Reputation: 361
I have a column and I want to repeat it multiple times.
eg for example I want the following column
1
2
3
4
5
to repeat n times and become
1
2
3
4
5
1
2
3
4
5
1
2
3
4
5
1
2
3
4
5
.
.
.
etc
is this possible?
Upvotes: 0
Views: 2924
Reputation: 2841
Here's a portable awk
-based solution to do it using only built in variables with no looping at all :
{m,n,g}awk 'NF += __-(OFS = $-_)^_' RS='^$' FS='^$' ORS= __=3
1 <<<<
2
3
4
1 <<<<
2
3
4
1 <<<<
2
3
4
To repeat each row N times consecutively before the next row, then do
{m,n,g}awk 'NF += __-(OFS = "\n" $-_)^_' FS='^$' __=3
1 <<<<
1 <<<<
1 <<<<
2
2
2
3
3
3
4
4
4
If you wanna duplicate each row horizontally by N times, it's the same concept, slightly different :
{m,n,g}awk 'NF = __ *(OFS = $-_)^_' FS='^$' __=7
10101010101010
11111111111111
12121212121212
13131313131313
14141414141414
15151515151515
16161616161616
17171717171717
18181818181818
19191919191919
You can even make cute numeric pyramids by having the repeat count be based on NR
:
{m,n,g}awk 'NF = NR * (OFS=$-_)^_' FS='^$'
10
1111
121212
13131313
1414141414
151515151515
16161616161616
1717171717171717
181818181818181818
19191919191919191919
2020202020202020202020
So if you ever need 2^25
aka 32^5
copies for ASCII
string of 2^25
itself, then here's a pretty quick (0.45s
) and easy way to get it done with no loops at all :
out9: 256MiB 0:00:00 [ 591MiB/s] [ 591MiB/s] [ <=> ]
( echo 33554432 | mawk2 'NF=(OFS=$-_)^_*$-_' FS='^$'; )
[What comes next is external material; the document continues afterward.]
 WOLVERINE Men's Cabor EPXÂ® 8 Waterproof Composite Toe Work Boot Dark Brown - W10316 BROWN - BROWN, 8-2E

0.30s user 0.10s system 89% cpu 0.454 total
1 268435457
Even if you wanna repeat pretty sizable files, it's reasonably speedy fast : e.g. less than 13 secs
for 9 x
a 1.85 GB
file :
{m,g}awk 'NF += __-(OFS = $-_)^_' RS='^$' FS='^$' ORS= __=9
out9: 16.6GiB 0:00:12 [1.30GiB/s] [1.30GiB/s] [ <=> ]
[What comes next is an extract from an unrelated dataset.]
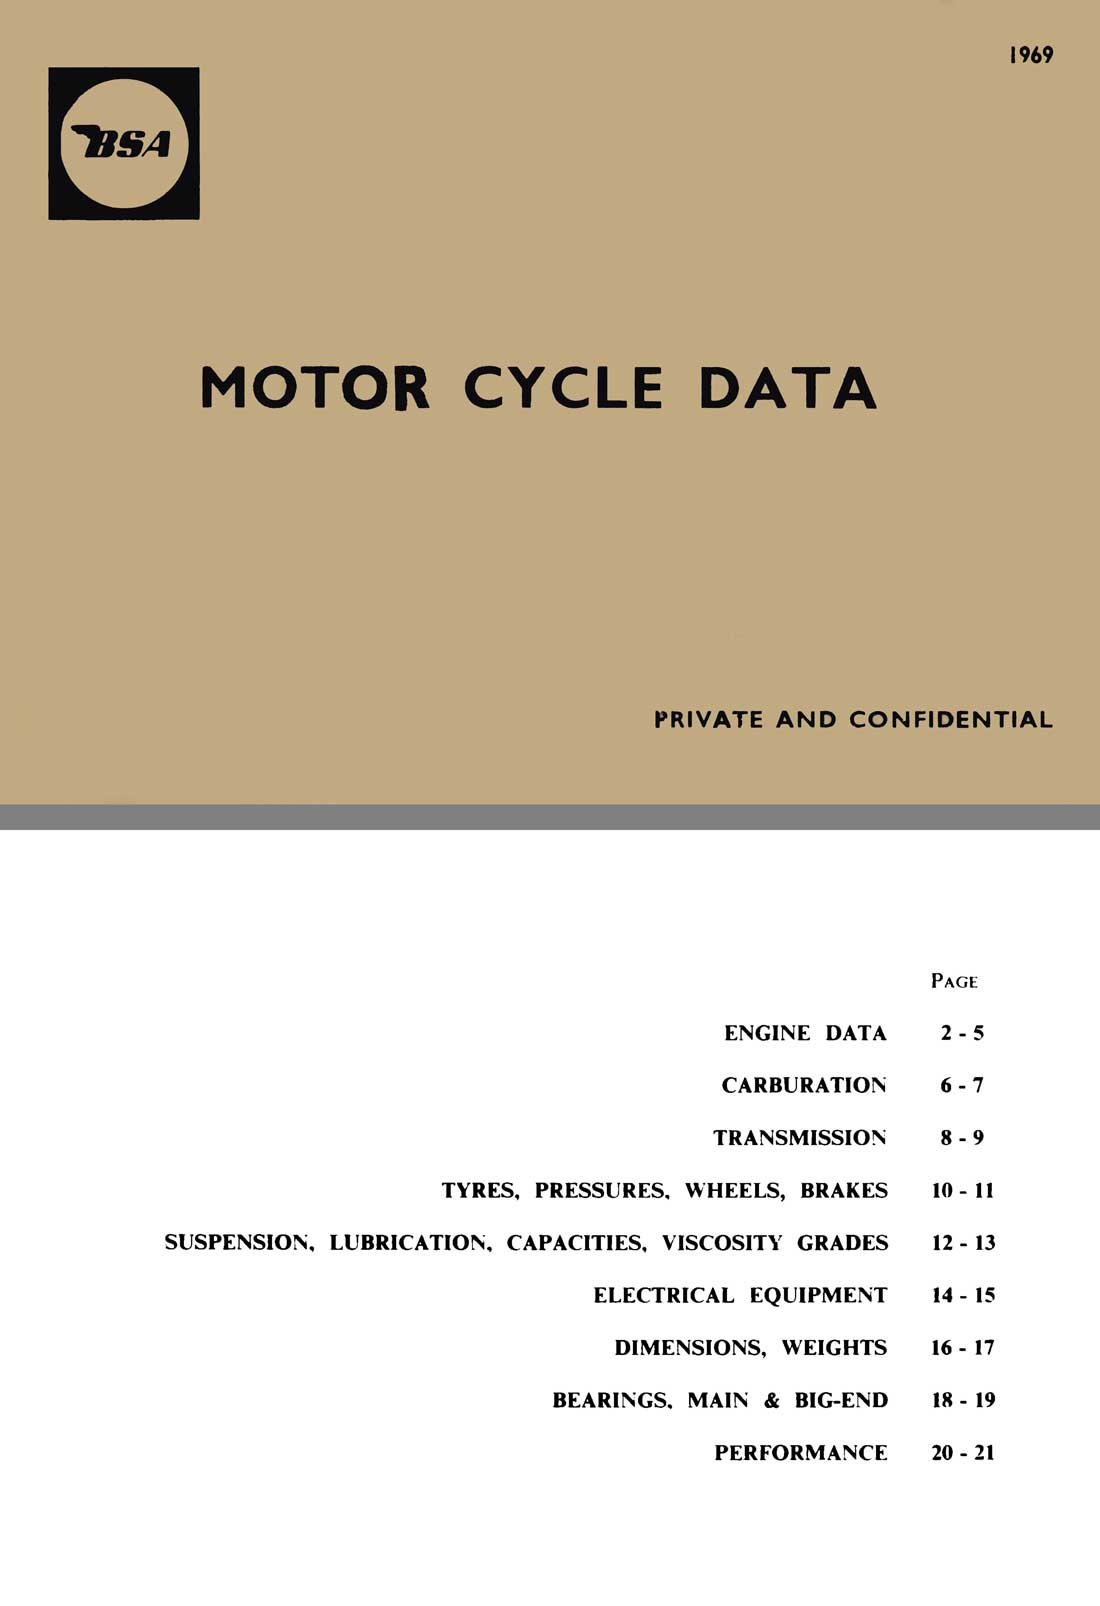 BSA Motor Cycle Data 1969 Catalog

in0: 1.85GiB 0:00:00 [3.42GiB/s] [3.42GiB/s] [========>] 100%
5.48s user 4.44s system 77% cpu 12.809 total
112448475 17851902237 17851902237
If that's too slow for your needs, perhaps this way is a bit faster :
{m,g}awk '
BEGIN { FS = RS = "^$" }{__=sprintf("%*s",__, OFS = ORS = _)
gsub(".", "\\&", __) } sub(".+",__)' __=9
in0: 1.85GiB 0:00:00 [3.48GiB/s] [3.48GiB/s] [========>] 100%
out9: 16.6GiB 0:00:07 [2.12GiB/s] [2.12GiB/s] [ <=> ]
( pvE 0.1 in0 < "${m3t}" | LC_ALL=C mawk2 -v __=9 ; )
0.72s user 4.34s system 64% cpu 7.855 total
112448475 17851902237 17851902237
Upvotes: 0
Reputation: 203684
awk -v n=7 '{s = s $1 ORS} END{for (i=1;i<=n;i++) printf "%s", s}' file
Set n
to whatever number you like.
Alternatively, with GNU awk:
awk -v n=7 -v RS='\0' -v ORS= 'END{for (i=1;i<=n;i++) print}' file
Upvotes: 2
Reputation: 85815
Replace 3 with any value of n
and $1
with the column you want to print:
$ for i in {1..3}; do awk '{print $1}' file; done
1
2
3
4
5
1
2
3
4
5
1
2
3
4
5
You could do it just with awk
but you would have to store the whole file in memory:
$ awk '{a[NR]=$1}END{for(i=1;i<=3;i++)for(j=1;j<=NR;j++)print a[j]}' file
This is one of those occasions were using the shell constructs actually makes sense.